Cytokines in the interleukin (IL)-23/IL-17 axis are central to psoriasis pathogenesis. Janus kinase (JAK) signal transducer and activator of transcription (STAT) regulates intracellular signalling of several cytokines (including IL-12, 23, 22, 6, 17, and interferon (IFN)-γ) in the IL-23/IL-17 axis, and, as a result, has become a therapeutic target for psoriasis treatment. Although several JAK1-3 inhibitors, with varying degrees of selectivity, have been developed for immune-mediated inflammatory diseases, use in psoriasis is limited by a low therapeutic index as anticipated by signals from other disease indications.

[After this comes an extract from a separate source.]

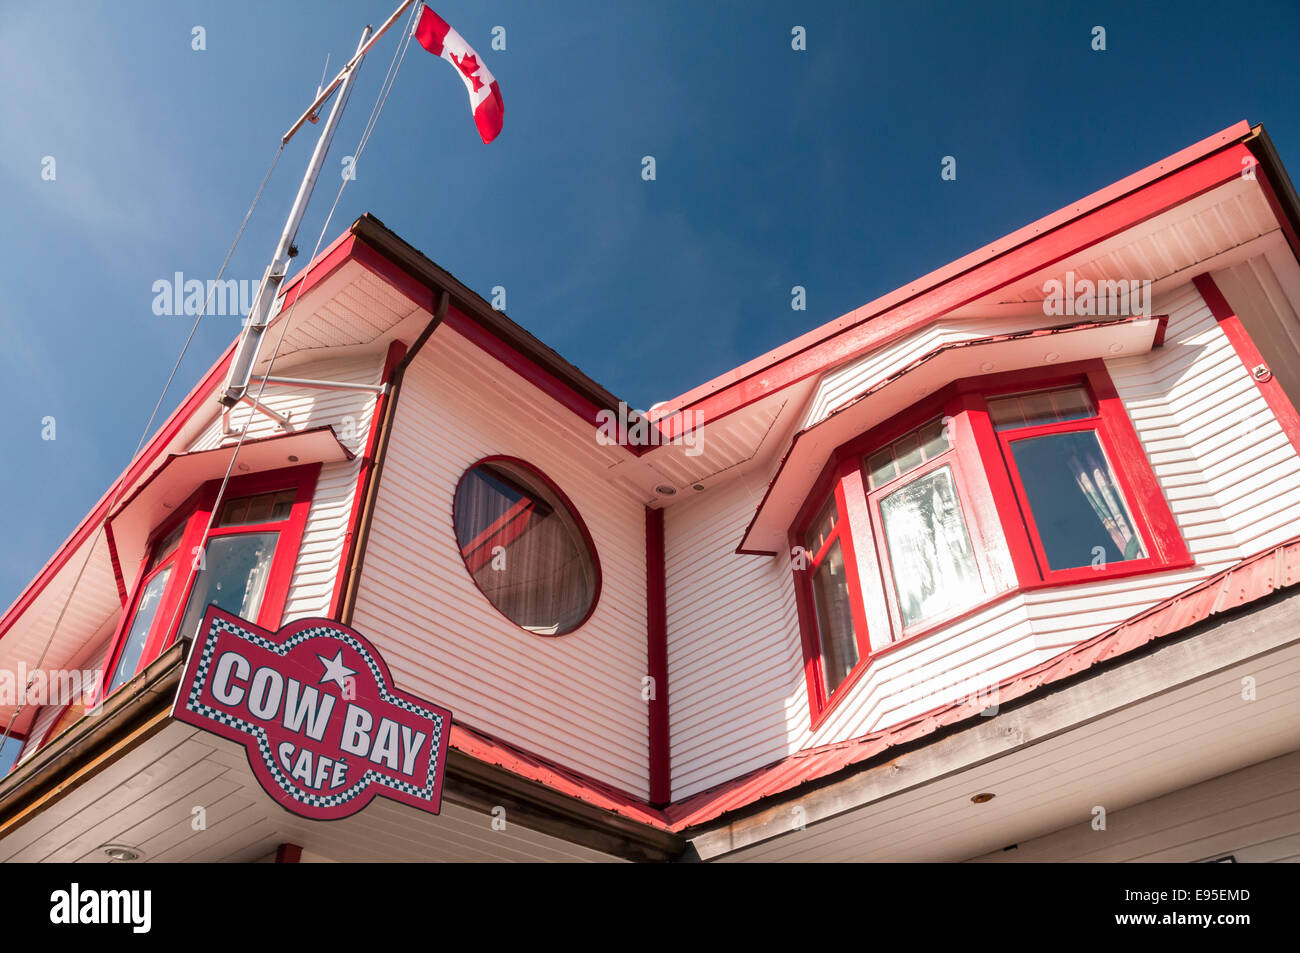 Cow Bay Cafe, Prince Rupert, British Columbia, Canada Stock Photo

More selective inhibition of the JAK family is an area of interest. Specifically, selective tyrosine kinase (TYK)2 inhibition suppresses IL-23/IL-17 axis signalling, and at therapeutic doses, has a favorable safety profile compared to therapeutic doses of JAK1-3 inhibitors. Phase III efficacy and safety data for the selective allosteric TYK2-inhibitor, deucravacitinib, in adult patients with moderate-to-severe plaque psoriasis is promising. Furthermore, phase II clinical trials for ropsacitinib (PF-06826647), a selective TYK2 inhibitor, and brepocitinib (PF-06700841), a JAK1/TYK2 inhibitor, have also demonstrated efficacy and an acceptable safety profile in adult patients with moderate-to-severe plaque psoriasis. Other novel TYK2 allosteric inhibitors, NDI-034858 and ESK-001, are currently being investigated in adult patients with plaque psoriasis. This article reviews the details of the JAK-STAT pathway in psoriasis pathophysiology, the rationale for selective targeting of JAKs in the treatment of psoriasis, and provides clinical perspective on clinical trial data for JAK and TYK2 inhibitors.